The enshrining of Islamophobia as a particular cause for concern has also caused resentment among other marginalised groups, some of whom feel even more consistently victimised. Some have argued that Black and Jewish Canadians face far more alienation and are victimised by hate crimes. They have expressed their displeasure with the motion, noting that their plight has rarely, if ever, rated such focused attention from the Parliament. The motion has also angered some who feel less attention is paid to the plight of forgotten indigenous girls. This is not to enter into an endless stream of accusations of partisan attention, but understandably, there are some who felt aggrieved by the ‘special’ treatment of Islam and advocated for a more sincere concern towards all religions.
Readers may yet be inclined to dismiss the above as nitpicking on technicalities. But this motion, far from helping Muslims, may indeed be doing them a disservice. A phobia or ‘dislike’ of a certain group cannot be outlawed, or wiped away by suppression. Reasonably or otherwise, it appears, from the steps taken by the Government that some Canadians have reservations towards Islam or Muslims, whether it be borne out of ignorance, wariness, fear, or mere caution. Suppressing these expressions of a faction of people under the guise of condemning ‘Islamophobia’ or fostering a climate where some feel uncomfortable expressing their reservations or criticism is certainly not going to help, or magically convert those into positive impressions.

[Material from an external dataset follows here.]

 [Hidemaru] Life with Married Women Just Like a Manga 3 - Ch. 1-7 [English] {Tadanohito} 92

If the political upheavals of 2016 have taught us anything, it is that there is a large, discontented proportion of the population in western countries that are feeling sidelined by Liberal politicians, and that some are turning towards populist alternatives as being more receptive to their concerns. Shutting down the debate on these issues is also only bound to cause even more resentment and anger among its opponents, who perceive it as yet another attack on freedom of speech, and validates their allegations of Muslims having a ‘protected victim status.’ If there is an undercurrent of alarming Islamophobia in Canadian society, it should be addressed through open and honest engagement, and a willingness on both sides to introspect the measures that can mitigate a sense of intolerance. Vague condemnations and selective highlighting of victimisation is highly unlikely to help. Rather, any such feeling of dislike, hatred, prejudice or wariness is simply bound to be driven underground, where it will fester and be reinforced by views and accounts that emphasize a unitary perspective, and will eventually explode in violence.

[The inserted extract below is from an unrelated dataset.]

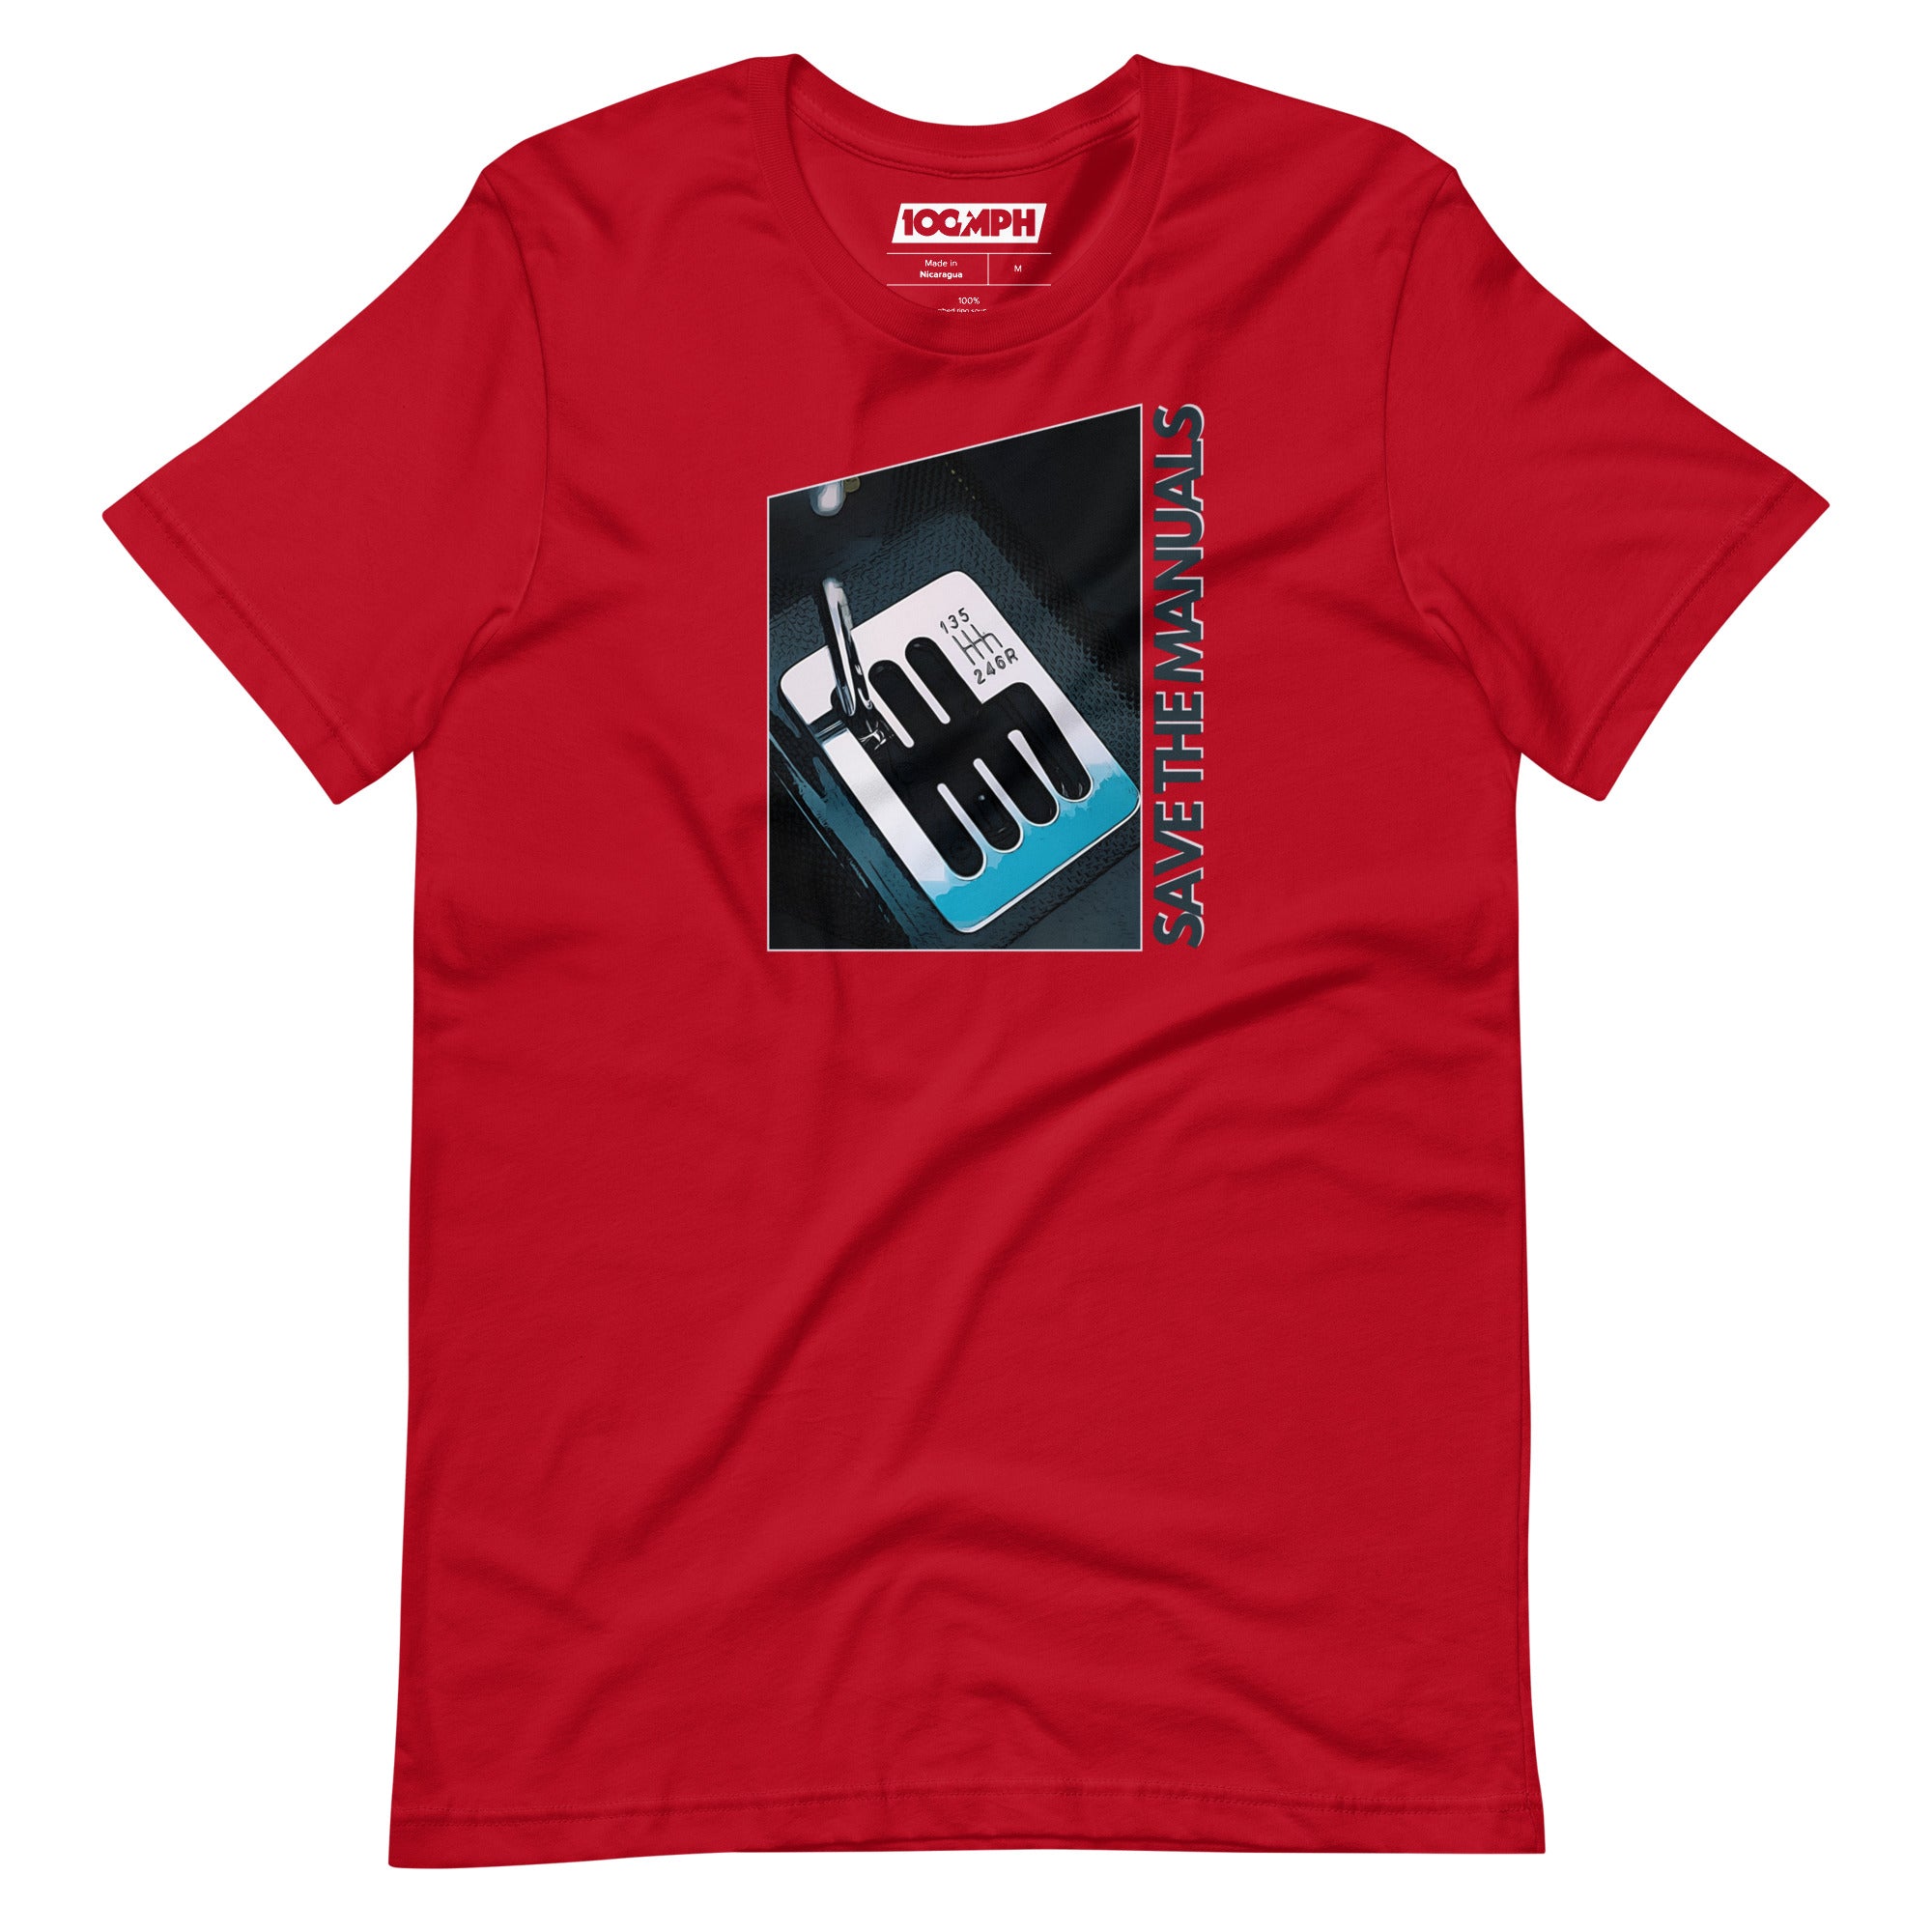 "Save the Manuals Six Speed" Tee Shirt

This is not meant to be a freestanding defence of freedom of speech or of the importance of ideas to be debated. It is simply a reflection of the realities of social discord, which rarely, if ever, go away by the Government expressing its disapproval. Social fissures heal when all sides can engage openly about the issues that bother them, the assumptions that form the germination seed of their discord, and find a way to focus on the commonalities. Not by signaling that a certain form of dislike will not be tolerated by society, particularly when the legal system does not validate any such discrimination.